Infusions of ciclosporin.

Drugs List

  • ciclosporin 250mg/5ml concentrate for solution for infusion
  • ciclosporin 50mg/1ml concentrate for solution for infusion
  • SANDIMMUN 250mg/5ml concentrate for solution for infusion
  • SANDIMMUN 50mg/1ml concentrate for solution for infusion
  • Therapeutic Indications

    Uses

    Prevention of rejection following bone marrow and stem cell transplantation
    Prevention of rejection following solid organ transplant
    Prophylaxis of graft-versus-host disease (GVHD)
    Treatment of graft-versus-host disease (GVHD)
    Treatment of transplant rejection after use of other immunosuppressants

    Prevention of transplant rejection following solid organ transplants.
    Treatment of organ transplant rejection in patients who previously received other immunosuppressive agents.
    Prevention of transplant rejection following allogeneic bone marrow and stem cell transplantation.
    Prophylaxis of graft-versus-host disease (GVHD) following allogeneic bone marrow transplant.
    Treatment of established graft-versus-host disease (GVHD) following allogeneic bone marrow transplant.

    Unlicensed Uses

    Ulcerative colitis

    Ulcerative colitis

    Dosage

    Whilst the doses stated below are those recommended by the manufacturer, local protocols for the relevant indication should be consulted.

    Adults

    Solid organ transplantation
    Oral treatment is preferred, but where necessary ciclosporin may be administered as a intravenous infusion at one third of the recommended oral dose.

    Patients should be transferred to oral ciclosporin formulations as soon as their clinical condition allows.

    Oral dose: Initially, a single oral dose of 10mg to 15mg/kg body weight, should be given 4 to 12 hours before transplantation. As a general rule, treatment should continue at a dose of 10mg to 15mg/kg/day for 1 to 2 weeks post-operatively. Dosage should then be gradually reduced until a maintenance dose of 2mg to 6mg/kg/day is reached. Dosage should be adjusted by monitoring ciclosporin blood levels and kidney function. When ciclosporin is given with other immunosuppressants (e.g. with corticosteroids or as part of a triple or quadruple drug therapy) lower doses (e.g. 3mg to 6mg/kg/day orally initially) may be used.

    Bone-marrow transplantation, prevention and treatment of graft-versus- host disease:
    Intravenous administration is usually preferred for initiation of therapy and should be given at a dose of 3mg to 5mg/kg daily over 2 to 6 hours from day before transplantation up to 2 weeks post-operatively until oral maintenance therapy is possible.
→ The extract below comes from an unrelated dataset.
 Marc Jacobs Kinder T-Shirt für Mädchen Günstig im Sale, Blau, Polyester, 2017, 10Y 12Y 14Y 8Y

Treatment should be continued for 6 months (but at least 3 months) before dose is gradually decreased to zero by 1 year after transplantation.

    If graft-versus-host disease develops after ciclosporin therapy is discontinued. It should respond to reinstitution of therapy. Low doses should be used for mild, chronic graft-versus-host disease.
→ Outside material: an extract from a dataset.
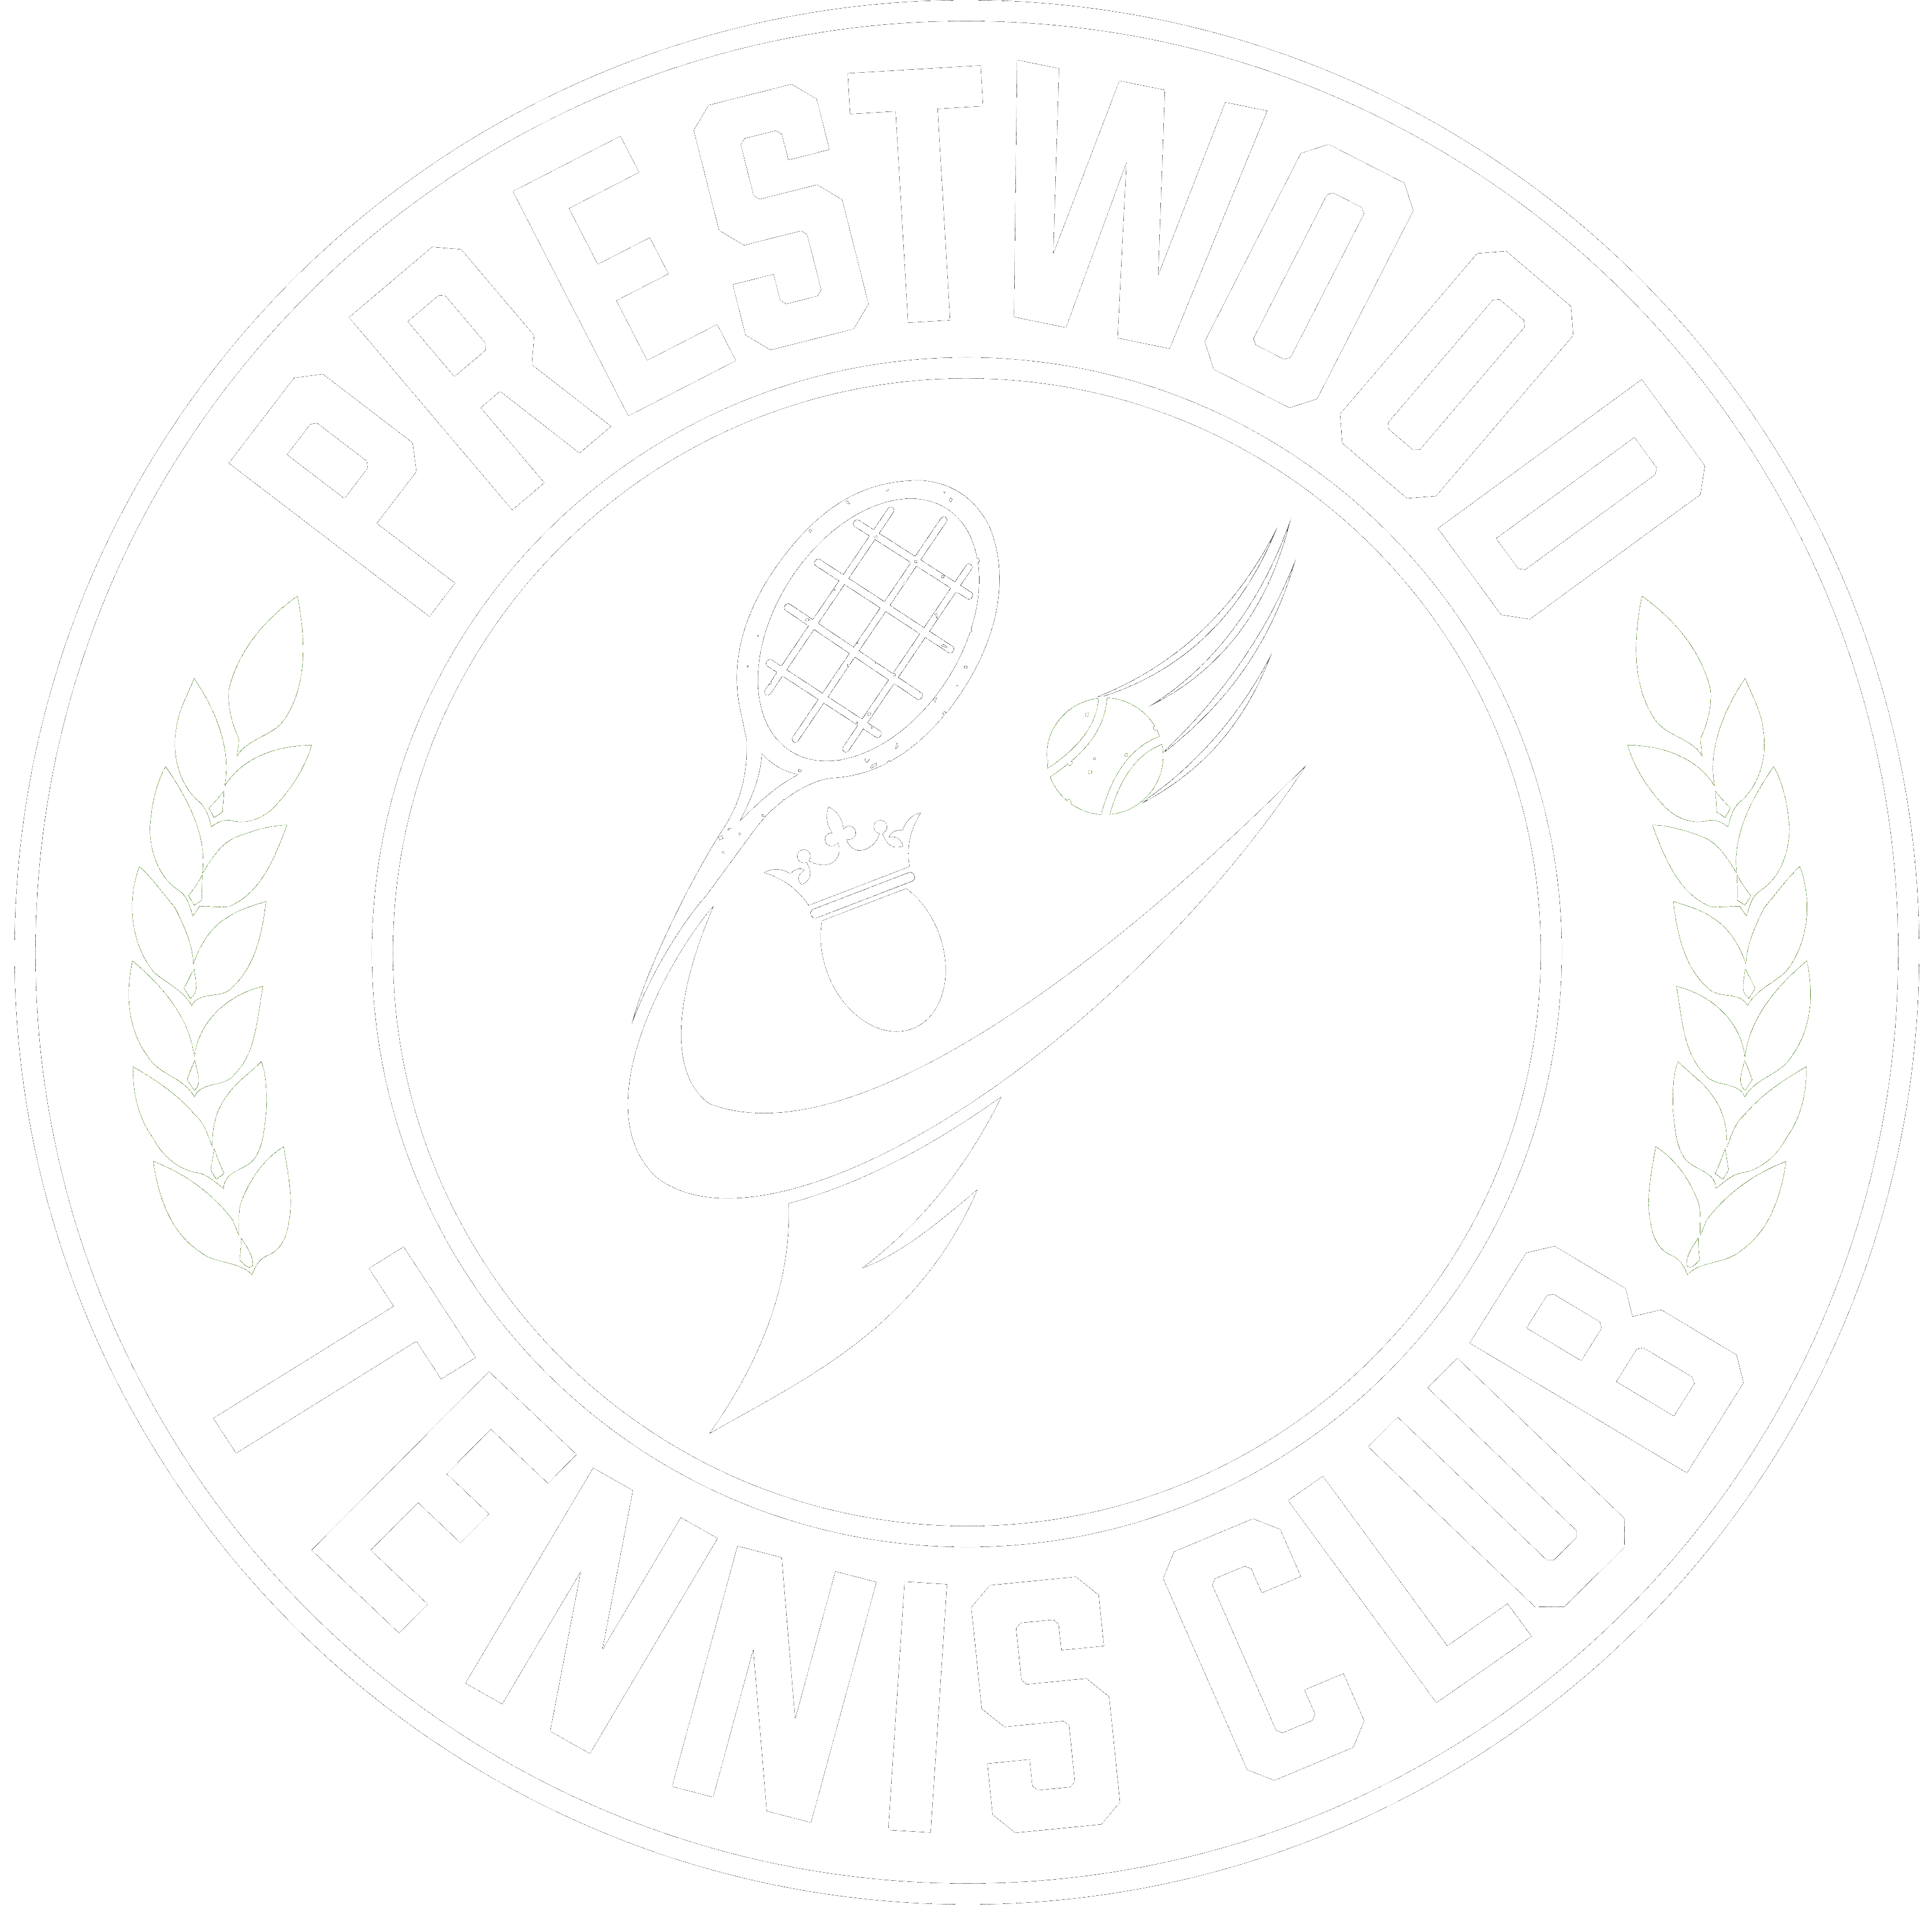 prestwood tennis club logo

    Severe Acute Ulcerative Colitis (unlicensed):
    2mg/kg daily over 24 hours by continuous intravenous infusion. Dose titrated to response and blood levels.

    Elderly

    (See Dosage; Adult)
    Experience of ciclosporin for all indications in the elderly is limited, but no particular problems have been reported with dosing at the recommended adult dose. However, factors sometimes associated with ageing, particularly impaired renal function, make careful supervision essential and may necessitate dosage adjustment.

    Children

    Organ and bone marrow transplantation
    Clinical studies have included children from the age of 1 year. In several studies paediatric patients tolerated higher doses per kg body weight that adults.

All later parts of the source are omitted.